Learning outcomes

The learning outcomes of this chapter are:

1. Apply value iteration to solve small-scale MDP problems manually and program value iteration algorithms to solve medium-scale MDP problems automatically.
2. Construct a policy from a value function.
3. Discuss the strengths and weaknesses of value iteration.

## Value-based methods

Techniques for solving MDPs (and POMDPs) can be separated into three categories:

1. Value-based techniques aim to learn the value of states (or learn an estimate for value of states) and actions: that is, they learn value functions or Q functions. We then use policy extraction to get a policy for deciding actions.
2. Policy-based techniques learn a policy directly, which completely by-passes learning values of states or actions all together. This is important if for example, the state space or the action space are massive or infinite. If the action space is infinite, then using policy extraction as defined in Part I is not possible because we must iterate over all actions to find the optimal one. If we learn the policy directly, we do not need this.
3. Hybrid techniques that combine value- and policy-based techniques.
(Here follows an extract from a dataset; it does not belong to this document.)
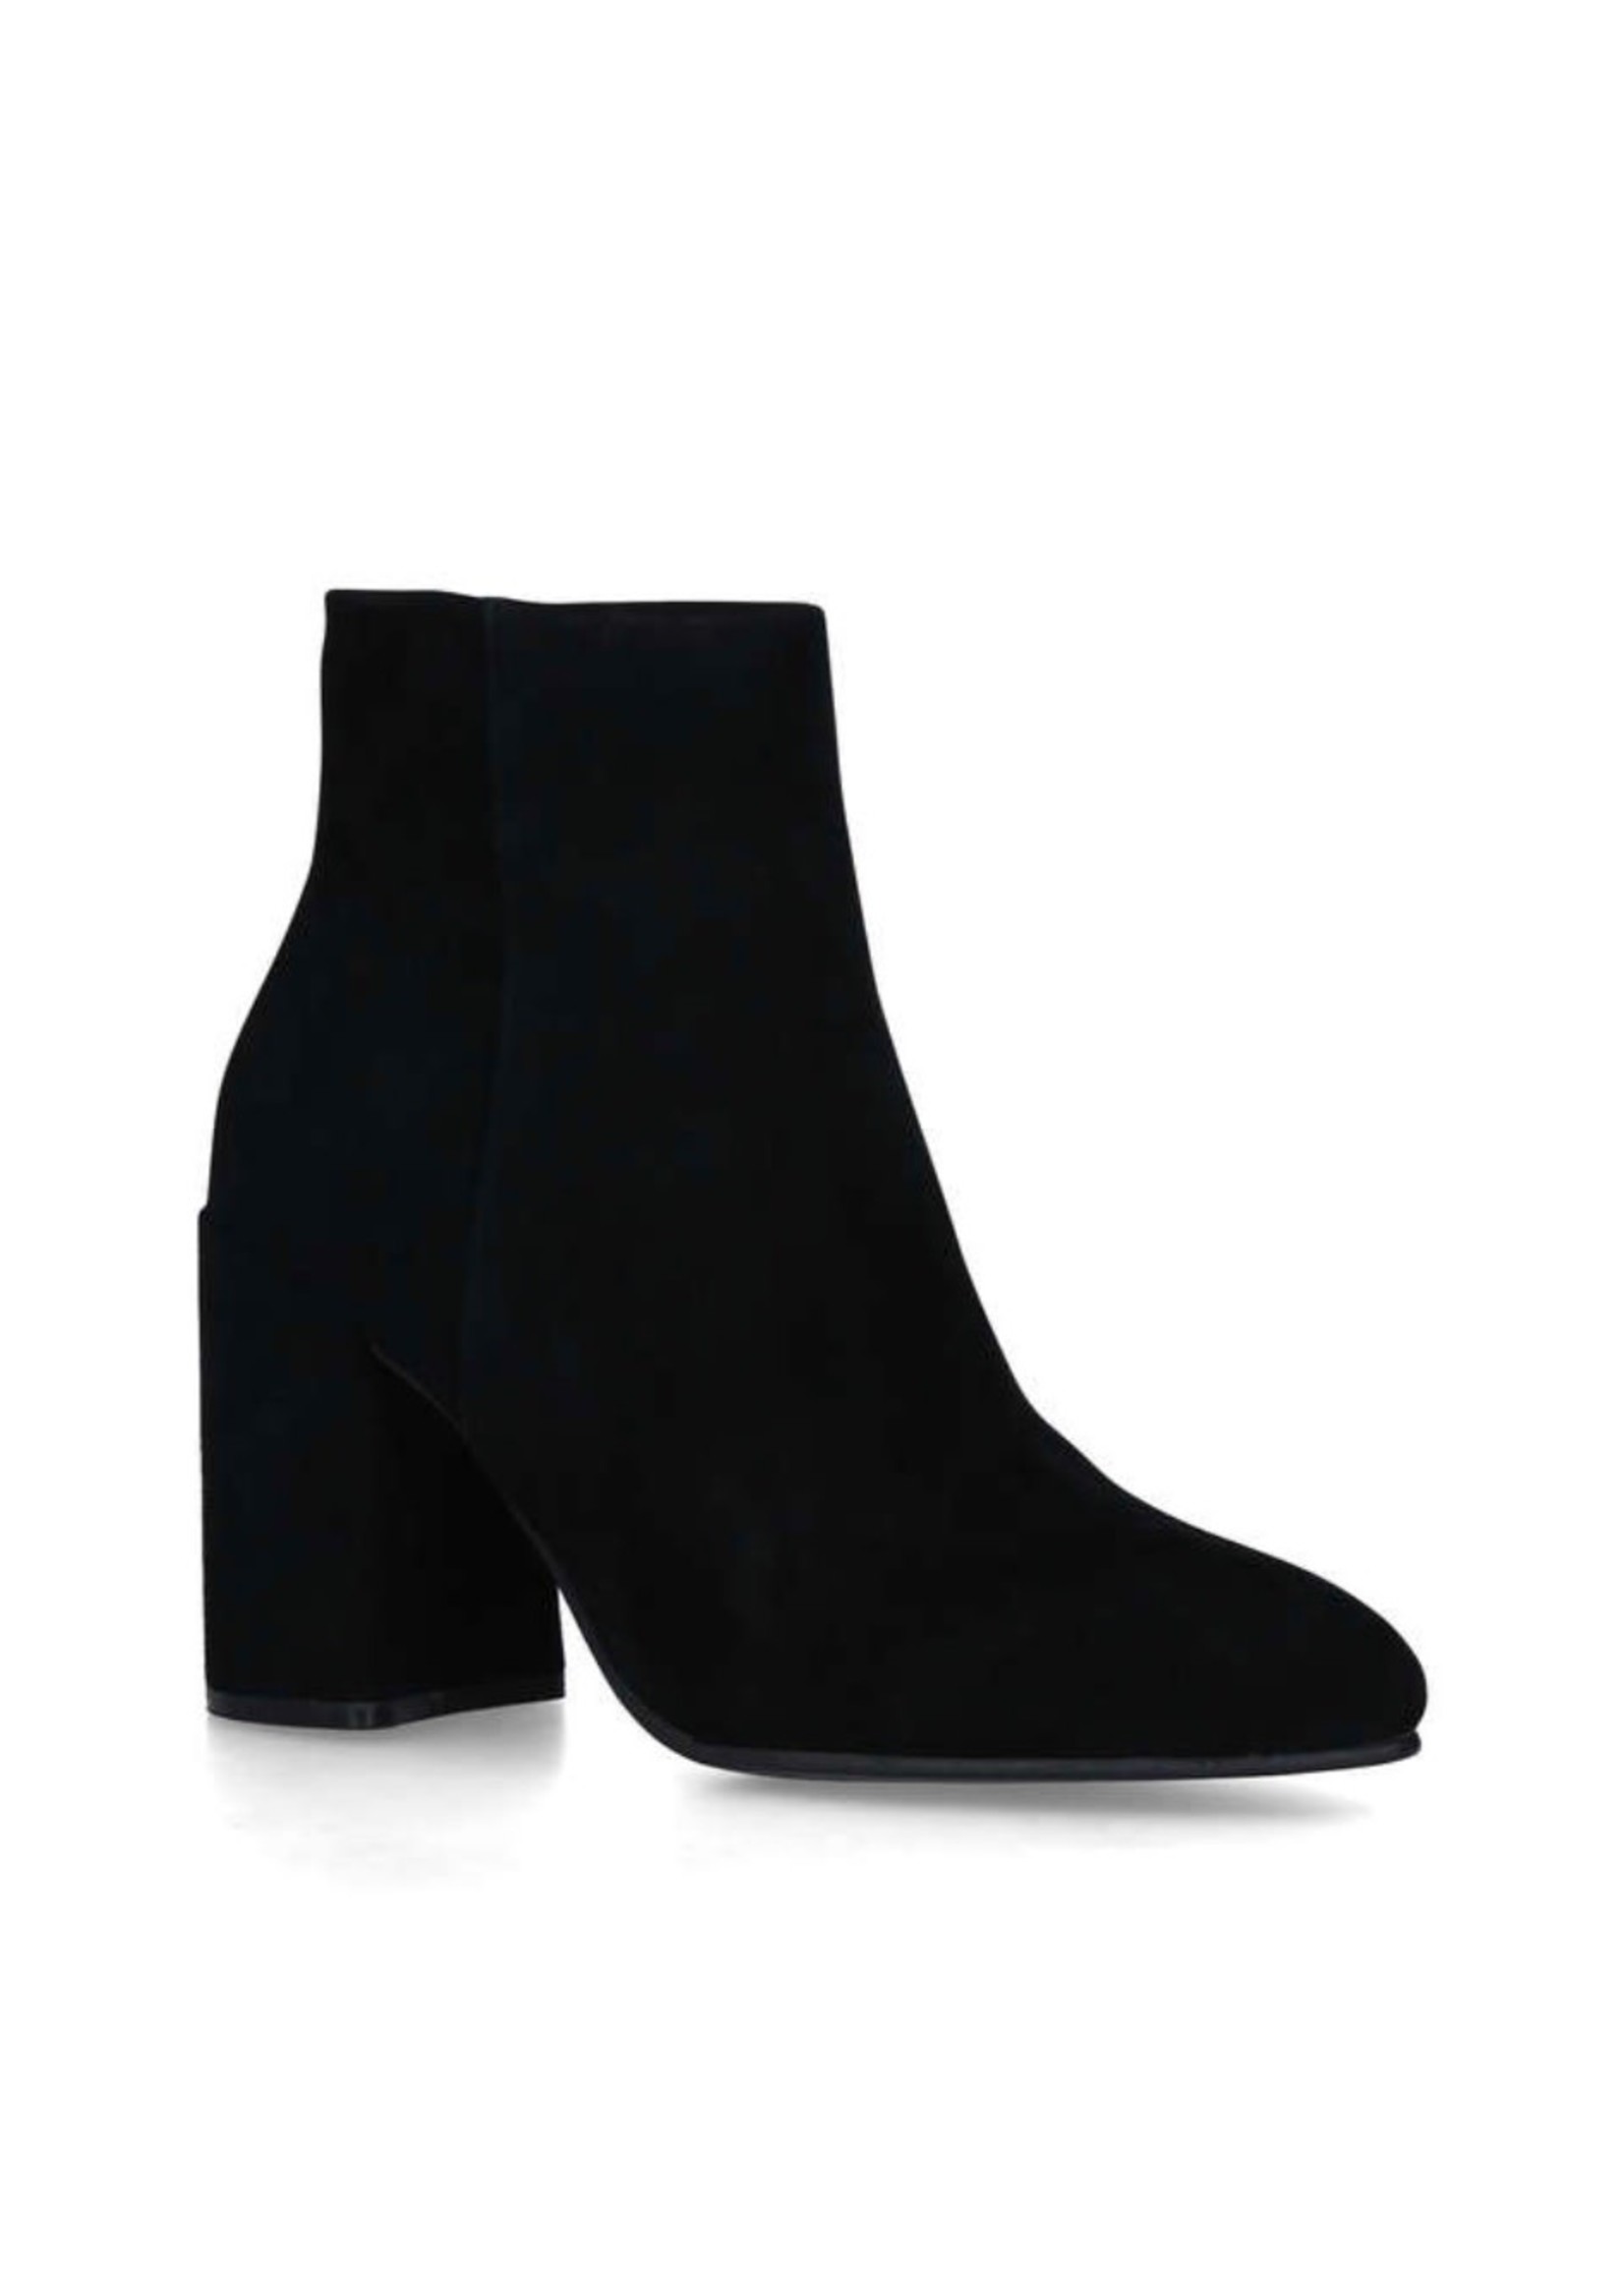 STEVE MADDEN The THERESE Suede Booties

We investigate some of the foundational techniques for value-based reinforcement learning, and follow up with policy-based and hybrid techniques later in the notes.

## Overview

Value Iteration is a dynamic-programming method for finding the optimal value function $V^*$ by solving the
Bellman equations iteratively. It uses the concept of dynamic programming to maintain a value function $V$ that approximates the optimal value function $V^*$, iteratively improving $V$ until it converges to $V^*$ (or close to it).

## Algorithm

Once we understand the Bellman equation, the value iteration algorithm is straightforward: we just repeatedly calculate $V$ using the Bellman equation until we converge to the solution or we execute a pre-determined number of iterations.

Algorithm 1 (Value iteration)

$\begin{array}{l} \textbf{Input:}\ \text{MDP}\ M = \langle S, s_0, A, P_a(s' \mid s), r(s,a,s')\rangle\\ \textbf{Output:}\ \text{Value function}\ V\\[2mm] \text{Set}\ V\ \text{to arbitrary value function; e.g., }\ V(s) = 0\ \text{for all}\ s\\[2mm] \textbf{repeat}\ \\ \quad\quad \Delta \leftarrow 0 \\ \quad\quad \textbf{for each}\ s \in S \\ \quad\quad\quad\quad \underbrace{V'(s) \leftarrow \max_{a \in A(s)} \sum_{s' \in S} P_a(s' \mid s)\ [r(s,a,s') + \gamma\ V(s') ]}_{\text{Bellman equation}} \\ \quad\quad\quad\quad \Delta \leftarrow \max(\Delta, |V'(s) - V(s)|) \\ \quad\quad V \leftarrow V' \\ \textbf{until}\ \Delta \leq \theta \end{array}$

As we can see, this is just applying the Bellman equation iteratively until either the value function $V$ doesn’t change anymore, or until it changes in by a very small amount ($\theta$).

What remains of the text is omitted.